FIGS. 3A to 3D illustrate an operation for displaying a screen based on low frequency driving according to a first embodiment of the present disclosure.

Referring to FIG. 3A, the first embodiment relates to a case where the RAM and the content analyzer are included in the display driving controller 161 of the display 160. The display driving controller 161 and the display panel 165 illustrated in FIG. 3A correspond to components included in the display 160.

First, the controller 120 may transfer an image stored in the storage unit to the display driving controller 161 and transfer an image display request and a request for a refresh with a basic frequency in operation 205. The image may include dynamic image information and displayable data in various formats. The dynamic image may be excluded from a target which varies a refresh frequency according to various embodiments of the present disclosure. The basic frequency may be, for example, 60 hz, which means that the refreshing is performed 60 times per second.
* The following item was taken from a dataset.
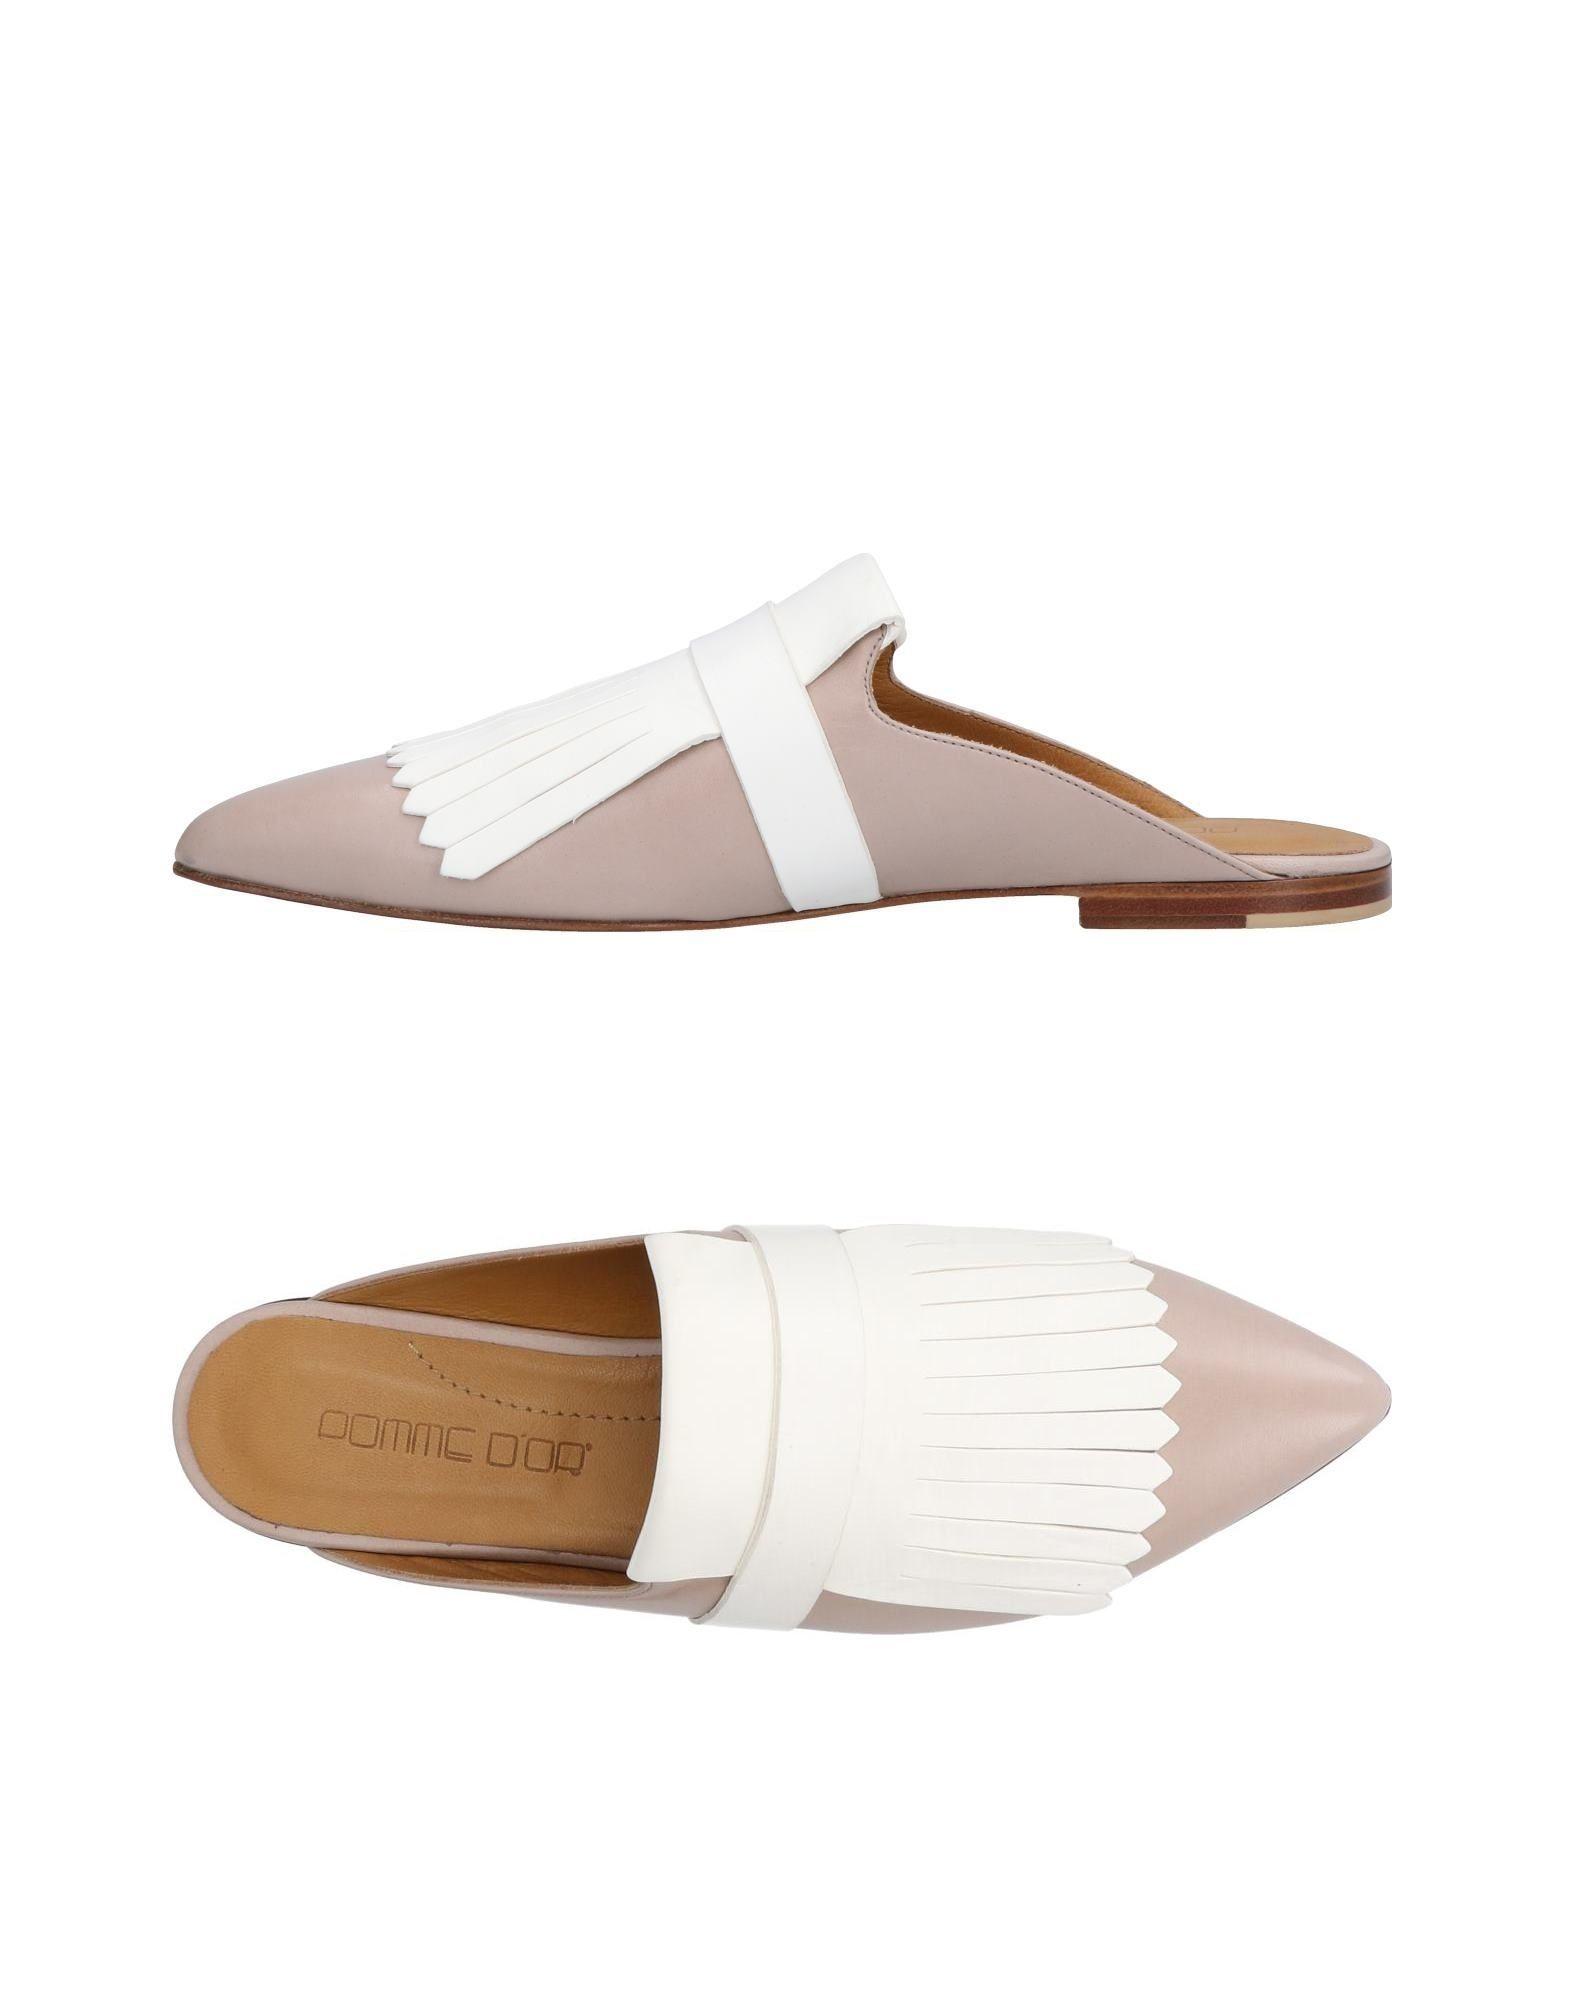 Stivaletti Calpierre offerte Donna - 11539873ER Nuove offerte Calpierre e scarpe comode 458b07

The display driving controller 161 may display an image in the display panel 165 and make a control to refresh the image with the basic frequency (for example, 60 hz) in operation 210 after operation 205. Thereafter, the display driving controller 161 may perform operation 211 for temporarily storing the image received from the controller 120 in the RAM. The operation for storing the image in the RAM may be performed before operation 210 is performed or while operation 210 is performed. The display driving controller 161 may perform operation 215 for analyzing the type of image received from the controller. At this time, the displayed image may have no problem even though the image is refreshed with a significantly low frequency (for example, 1 hz) compared to the conventionally set refresh frequency, but may have a problem according to a flicker phenomenon if the image is refreshed with a significantly low frequency. Accordingly, the display driving controller 161 may perform an operation for classifying the type of image according to a preset reference in operation 215. The classification reference may be set based on the fact that the flickering phenomenon may occur with a higher probability in a dynamic image. Accordingly, the image may be classified according to, for example, the source thereof. More specifically, when a particular image corresponds to an image (for example, an image of Internet news, search portal, social networking service (SNS), and the like) received from a web server, the image is determined as the relative dynamic image and classified as a first group image. A text image of an electronic book may be determined as a relatively static image and classified as a second group image. The type of the classified image may be further varied.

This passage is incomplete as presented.